Well first thing is that I think that you 2 are still rebuilding and its great that your trying new things but if he was jealous of you dating when you were splitting up just think how he will be swapping that is for a couple that are strong in both love and trust not for couples working on repairing there love unless he is using it to look for someone new for himself

I would encourage you to listen to that inner voice, the one that is telling you something isn't right. It's admirable that he's making an effort to improve things but dying his hair and trying to get you to do new things in the bedroom are things he's doing for himself, not for you.
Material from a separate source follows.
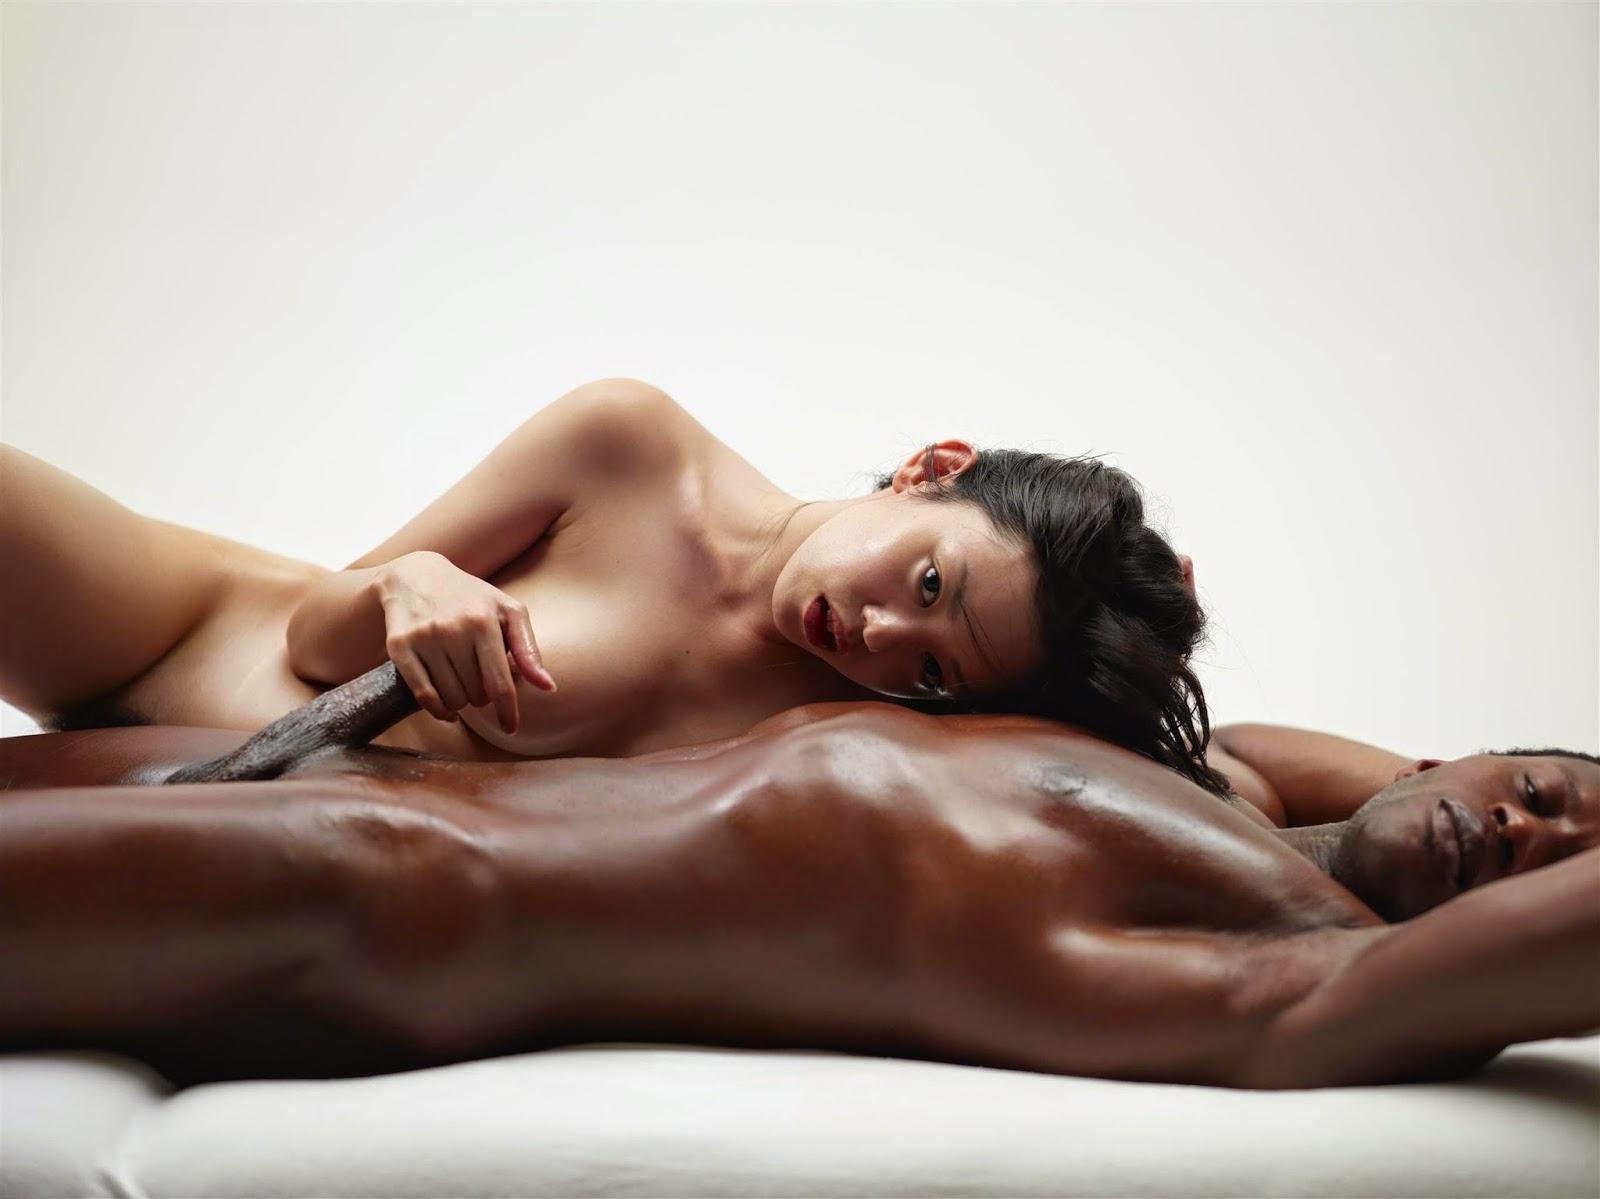 Naked Art Photos 49

The repairs around the home are nice but he doesn't seem to be repairing the things that matter... your trust in him, the communication between you, the years of hurtful things he's said and done. In our work with women at SAS, we almost always find that the inner voice is very wise one you should listen to.

Such a quick shift on his part is a little disconcerting. People usually don't change in this way without some serious motivation...even then it tends to be more gradual. I would try and find out what his motivation is without just coming right out and asking him. Also, partner swapping is a very bad idea...I've never seen this work out for the better. I'm glad he's gone to counseling, but it sounds like some continued counseling and marriage counseling with a different therapist would be of benefit.